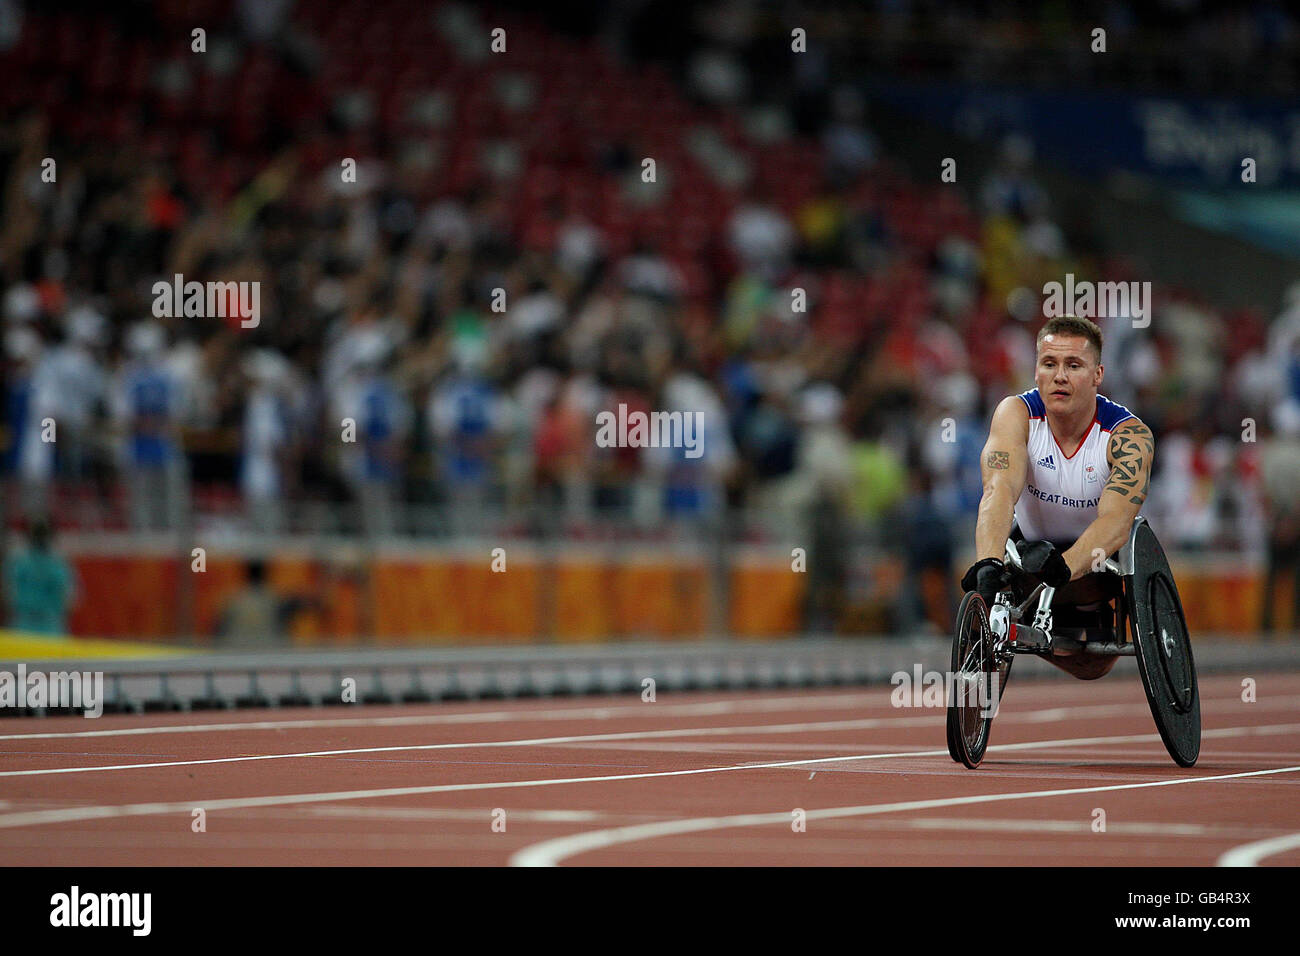 Great Britain's David Weir appears dejected after finishing his men's 400M Final in the National Stadium at the Beijing Paralympic Games 2008, China. Stock Photo
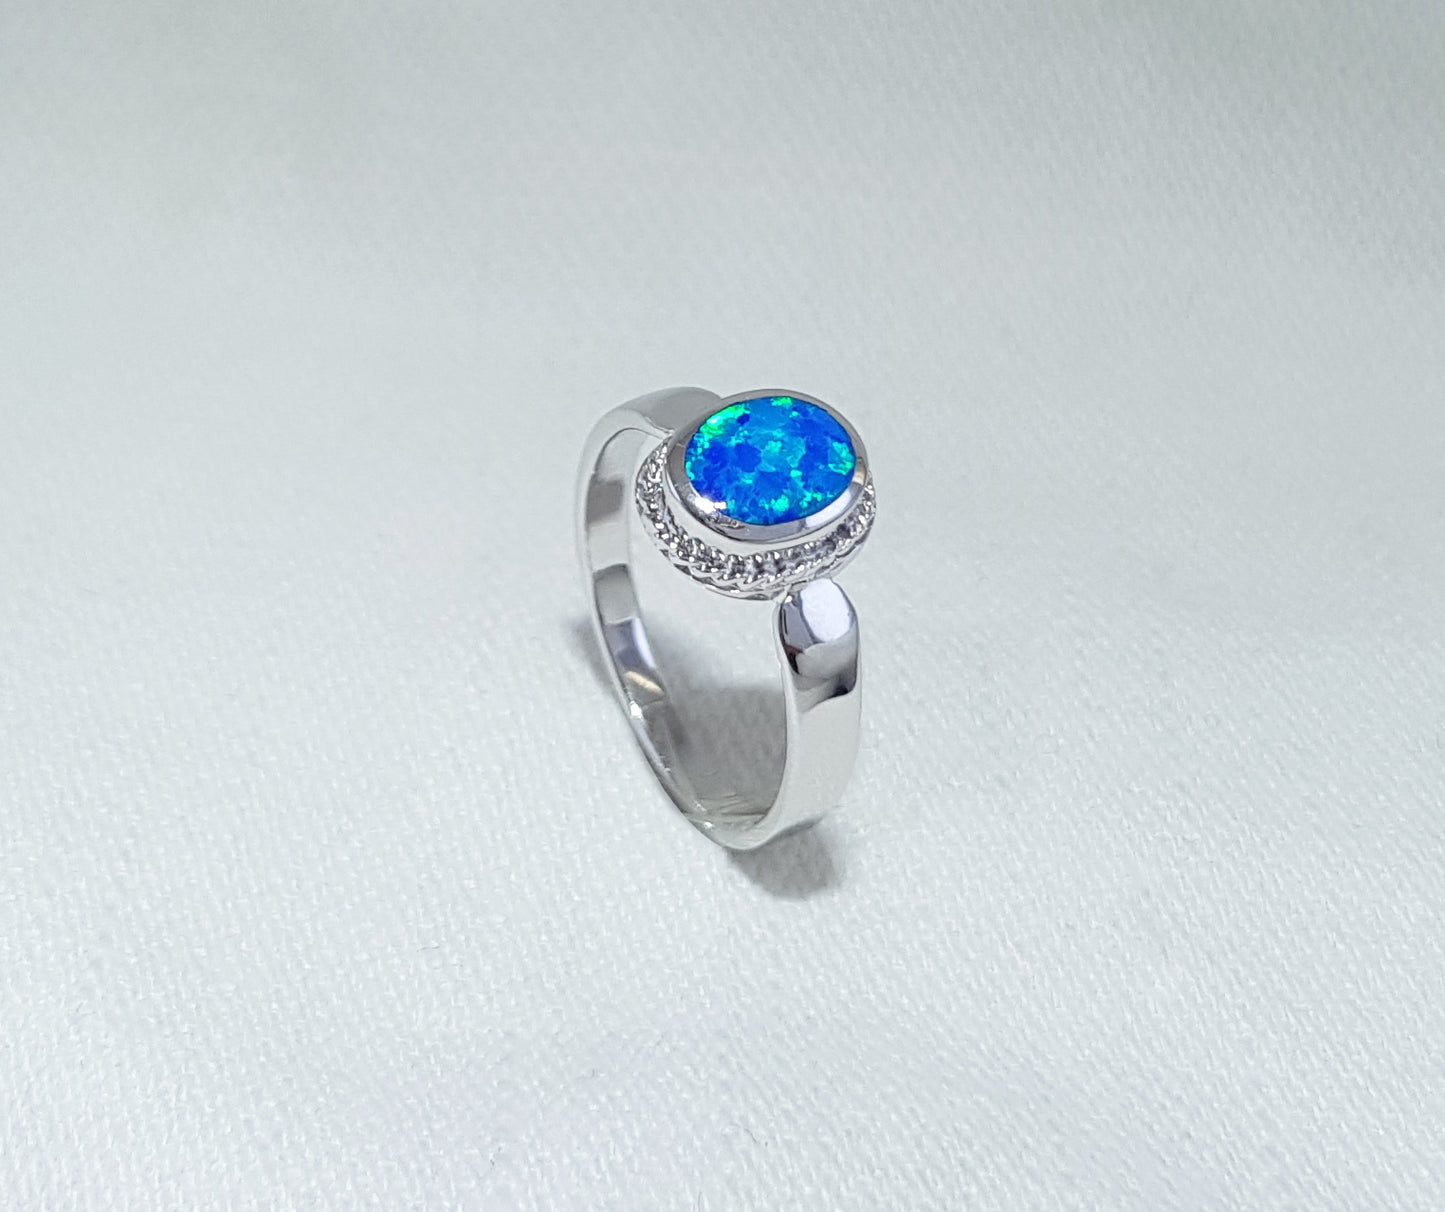 Sterling Silver Ring with Crushed Opal Inlay 
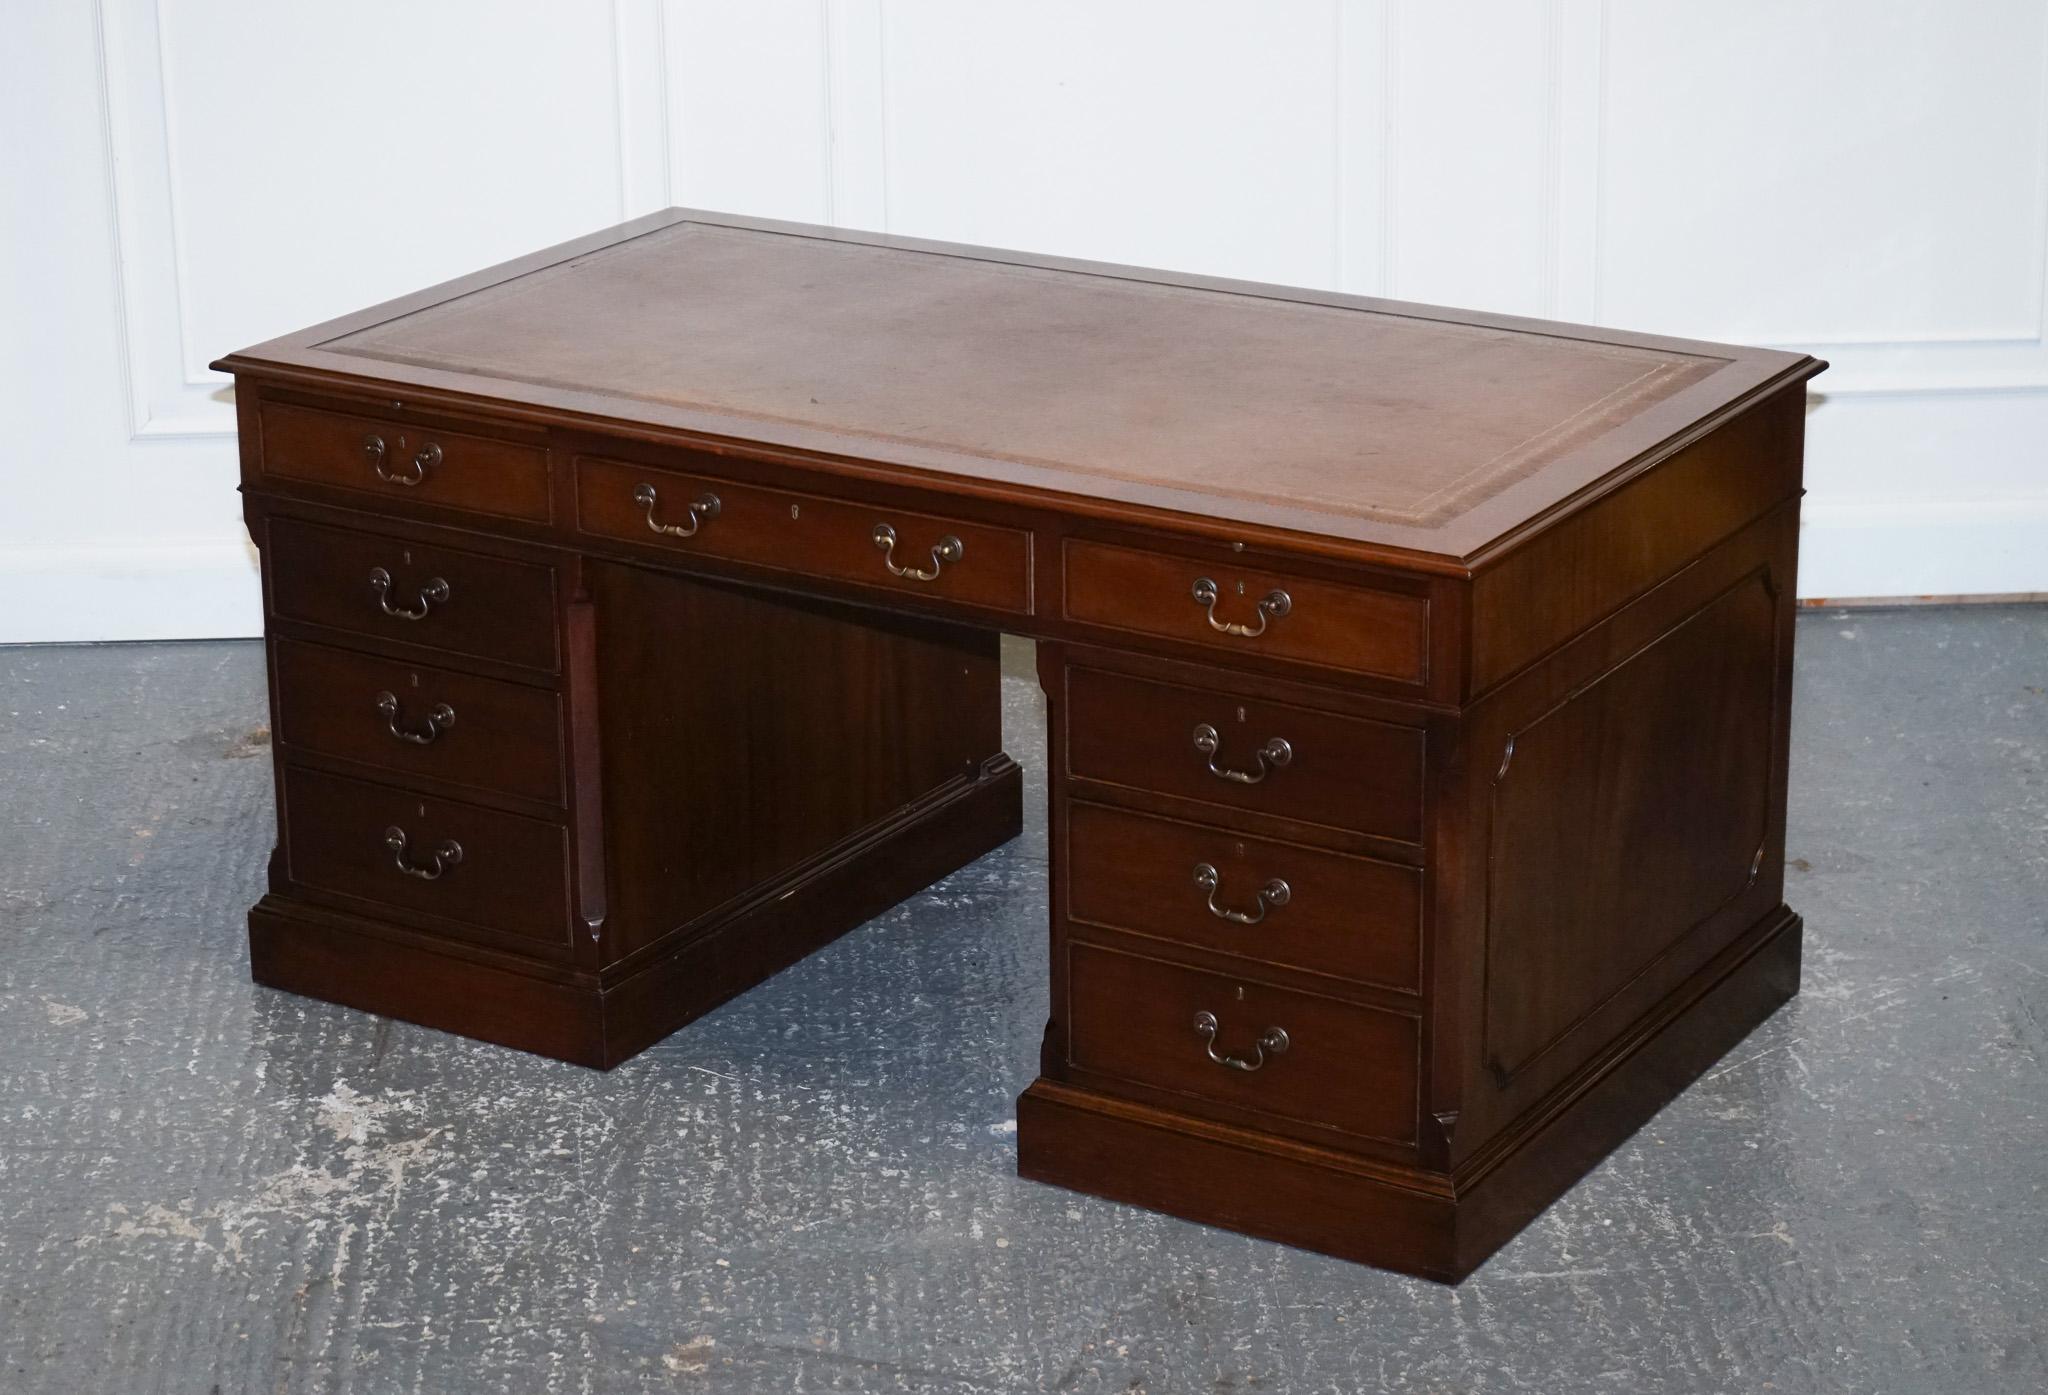 STUNNING LARGE TWiN PEDESTAL DESK BROWN LEATHER TOP SLIDING OUT TRAYS 8 DRAWERS In Good Condition For Sale In Pulborough, GB

To do – Write out again, word for word, only the lines from the one with "Sterling Silver Ring" through the last line of the material, and omit each picture.

Response to this task –
 Sterling Silver Ring with Crushed Opal Inlay 
 STUNNING LARGE TWiN PEDESTAL DESK BROWN LEATHER TOP SLIDING OUT TRAYS 8 DRAWERS In Good Condition For Sale In Pulborough, GB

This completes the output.